Ради такого случая Мария Федоровна даже лихую женитьбу простила. Разве что никогда невестушку не называла Зинаидой — только Зиновеей. В укор дай в напоминание, откуда пришла.

Он запретил называть себя «хозяином». Только так: директор-распорядитель. Собственно, Никольская мануфактура была паевым товариществом, и какой же тут единый хозяин? Заметая грязные следы прогремевшей на всю Россию «морозовской стачки», родитель Тимофей Саввич сам и нашел выход: пайщиков в одну кучу понатащил и коллективное правление учредил. Были и купцы средней руки, потерявшие свое дело, были и главные управители, Назаров да Кондратьев, которых следовало титуловать иначе: охранители.

Во время разорительной стачки они как псы сторожевые вкруг хозяина крутились, указывая жандарму Буркову главных закоперщиков, и хозяин их преданности не забыл. Капиталов за собой, хоть и воровали безбожно, принесли немного, но все же что‑то принесли, как и все остальные. Даже зятек, Аннушкин муж, Геннадий Федорович Карпов; приват-доцент по должности, а по привычкам — тот же лизоблюд, до земли, прибежав с лекцией, кланяется, а теще угодливо ручку целует.

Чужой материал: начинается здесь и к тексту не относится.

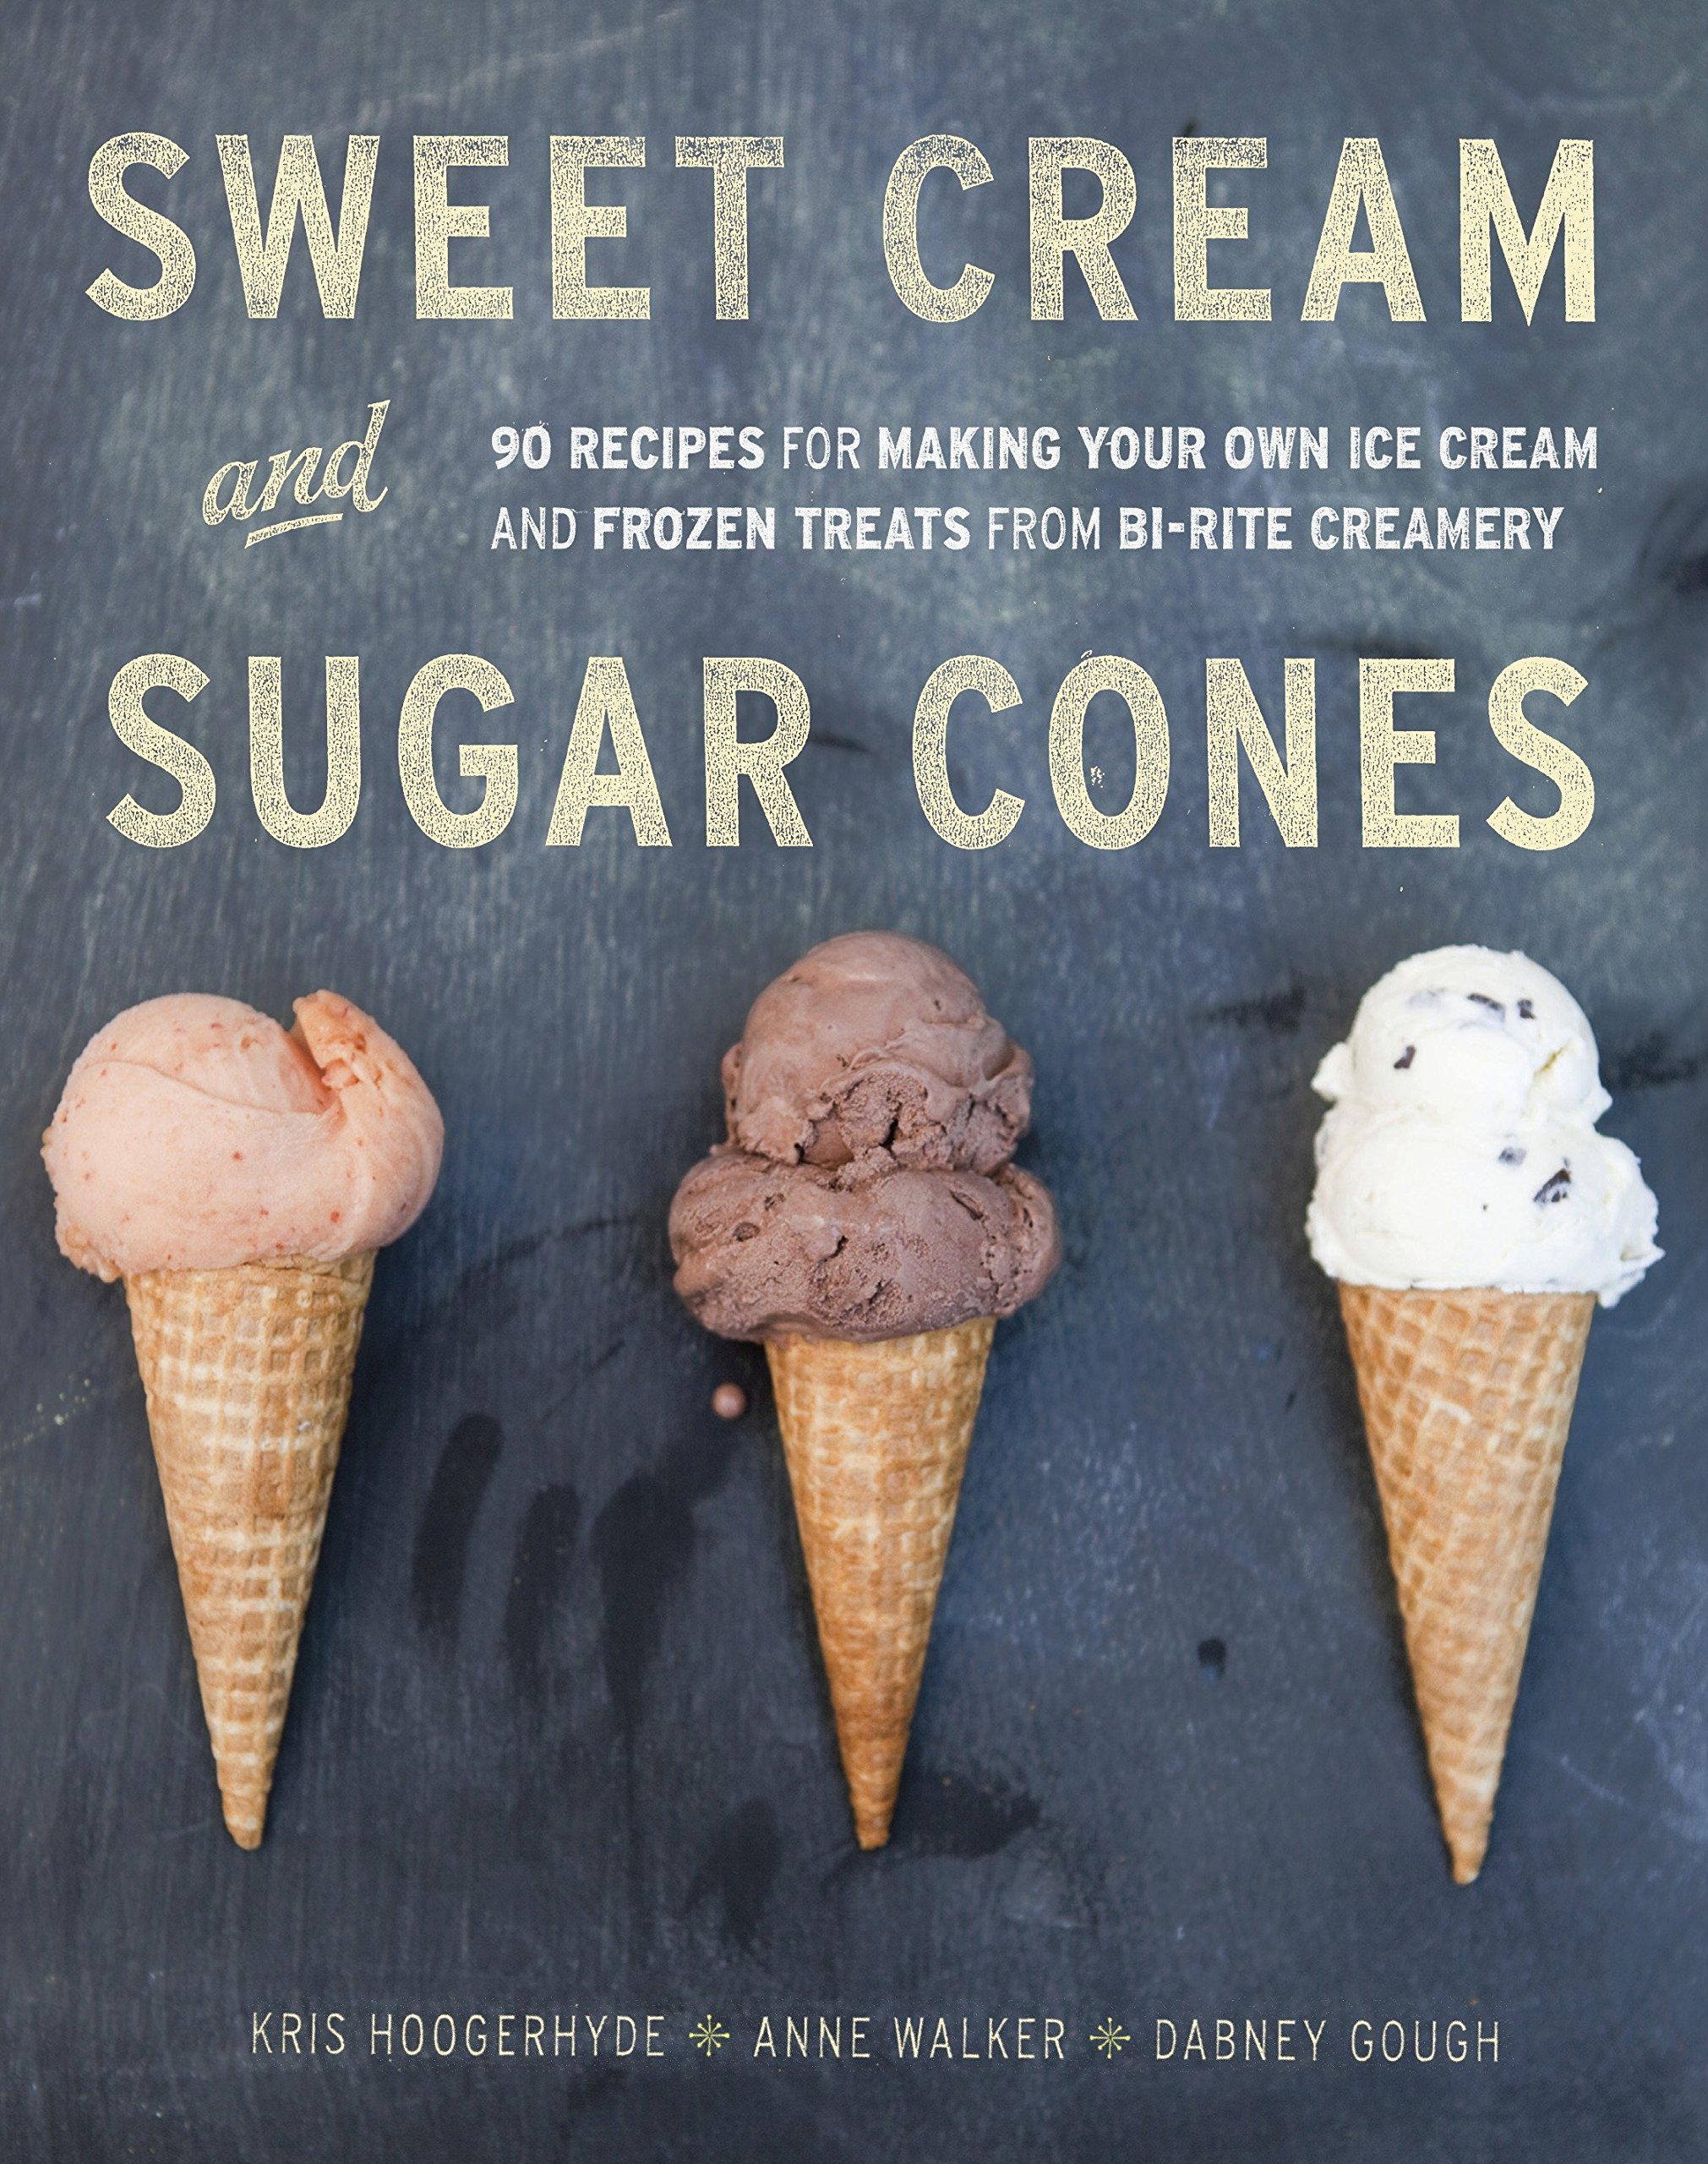 Homemade Chocolate-Dipped Ice Cream Cones

Аннушка на двенадцать лет старше Саввы и успела в угоду матери наметать целую кучу внучат и приучить ученого муженька к покорности. Тимофей Саввич ценил ученого зятя: пусть‑ка кто скажет, что они купцы-живоглоты! Ведь не просто говорили — ором кричали. Даже нахлебник Амфи, ставший Александром Валентиновичем Амфитеатровым, в угоду своему хозяину, Суворину, старика Морозова пощипывал. Как же, милое дело — по- приятельски‑то!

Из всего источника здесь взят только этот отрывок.